# Goat Colds?Need Some Advice....



## Rogersfarm (Jan 24, 2010)

Hi, I am new to mini goats so forgive the newbie questions. We recently purchased twin pygmy girls and they seem to have a small cough and runny nose.They seem to be active and eating well. The place where we got them had a shelter but no heating lamp.Do they get colds and how do you treat them?


----------



## myfainters (Oct 30, 2009)

Hello!!! :- ) 
Is the nasal discharge clear or green? Do they have fevers?


----------



## Rogersfarm (Jan 24, 2010)

Clear, no fever that we can tell.


----------



## liz (Oct 5, 2007)

Welcome Roger... most goats don't need heat lamps, as far as the runny noses if it's a clear discharge a little bit of Vet Rx would help. Please, check their temperature...a normal rectal temp range in any goat is 101-103, if higher than 103 then they will need an antibiotic.
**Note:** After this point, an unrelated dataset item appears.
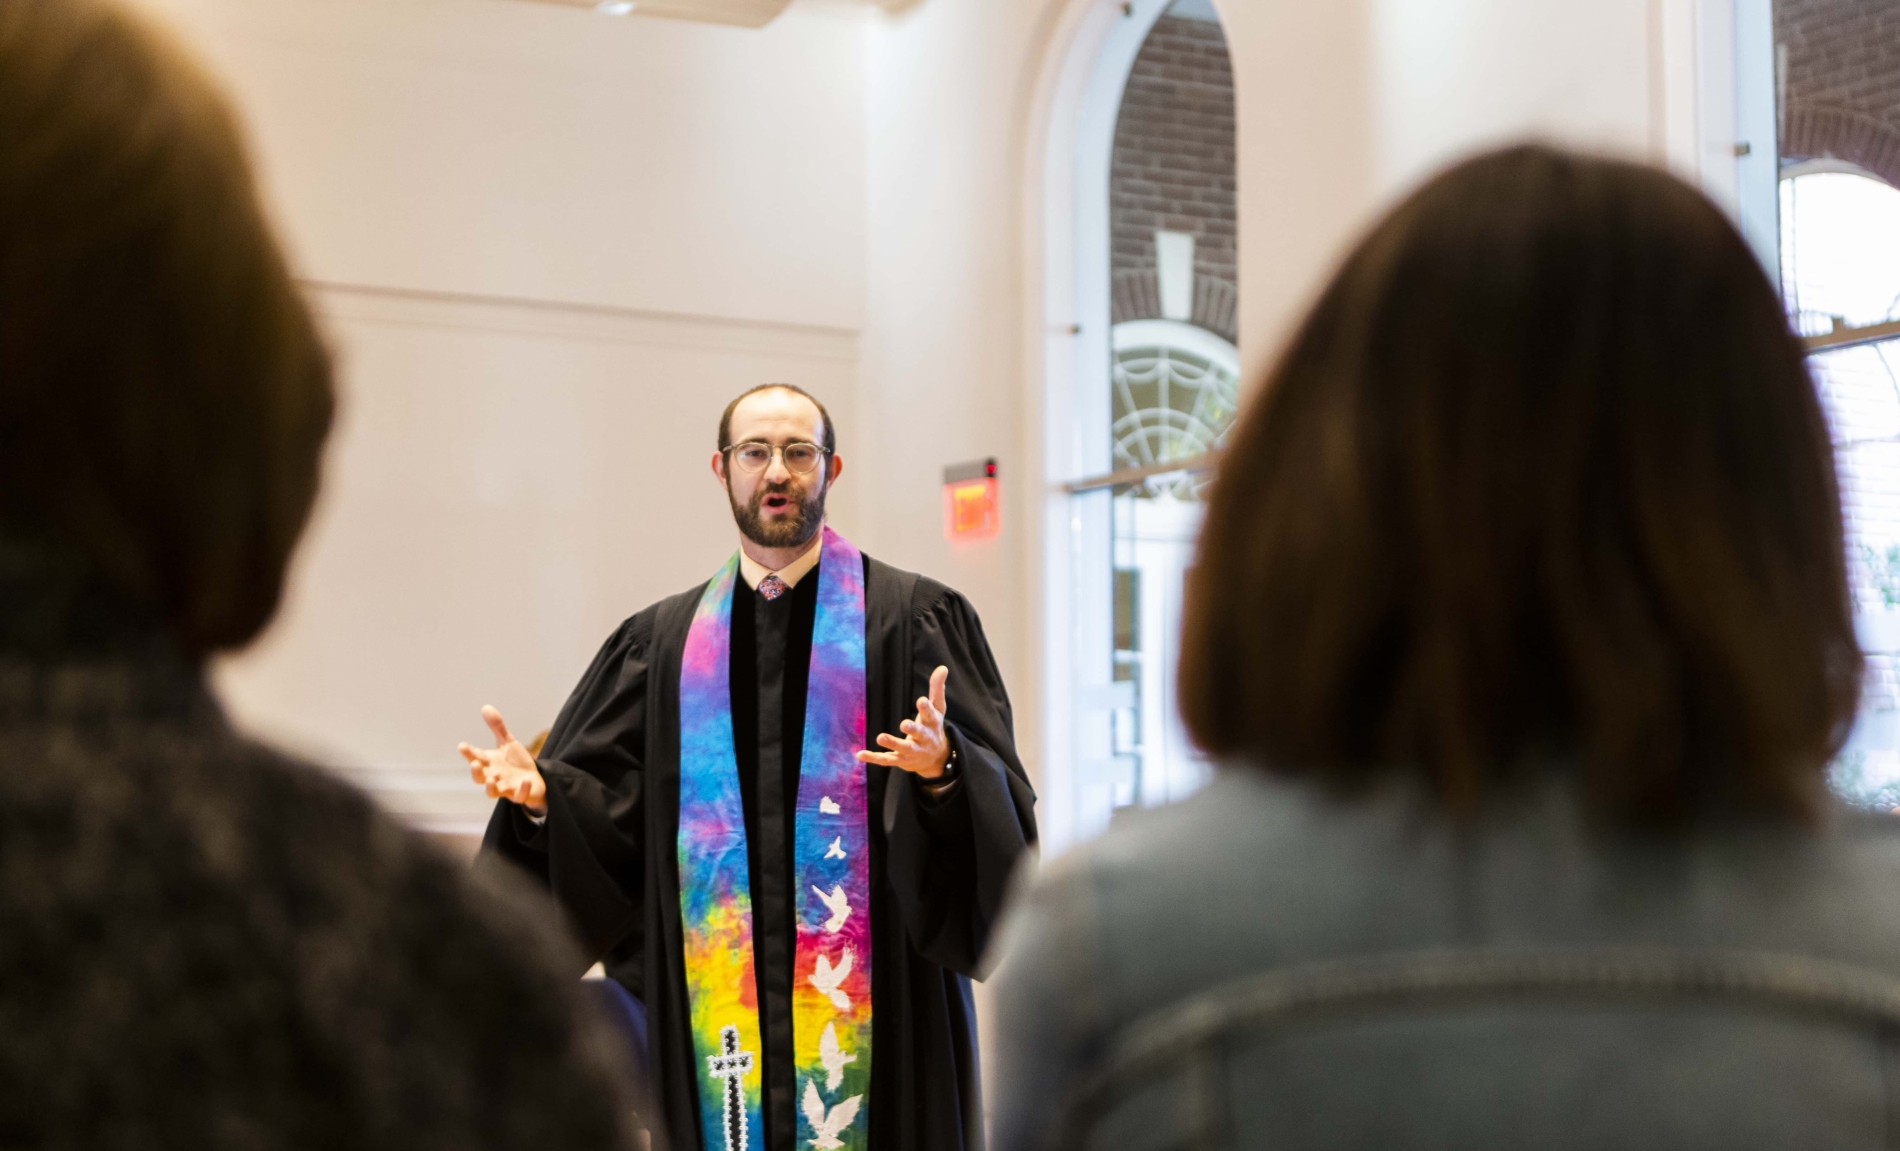 Bob Feeny, pastoral resident, preaches to people in the chapel

With the cough, if they have no temp then it could be just from dusty hay or they may need to be wormed.


----------



## Rogersfarm (Jan 24, 2010)

I know for sure that they have not been wormed so that may be the issue.Thanks


----------



## StaceyRosado (Oct 5, 2007)

be sure that when you worm you use ivermectin or stronger. Safeguard will not take care of lung worms


coughing can be for any number of reasons - worms, cold, pneumonia, dusty hay, asthma


----------



## Rogersfarm (Jan 24, 2010)

I thought ivermectin was just for swine and cattle? You can use it on Pygmies?


----------



## toth boer goats (Jul 20, 2008)

I agree with everyone...getting a temp is crucial.... to know if ...it is pneumonia and needs to be treated with antibiotics... or if it is a basic cold ect. :hug:



> I thought ivermectin was just for swine and cattle? You can use it on Pygmies?


 It is for cattle.... off label for goats ..but that is what goat breeders use.... yes you can use it for your pygmies... :wink:


----------



## Rogersfarm (Jan 24, 2010)

What kind of dosage? I would assume if it isnt labeled for goats that there wouldnt be any dosage info. These two little girls were supposed to have been born on May 19th, but they are tiny. Half the size of three of our nigerian doelings that were born in June and a month younger. +/- 10 pounds?


----------



## StaceyRosado (Oct 5, 2007)

Ivermectin is just the active ingredient - it comes in many forms.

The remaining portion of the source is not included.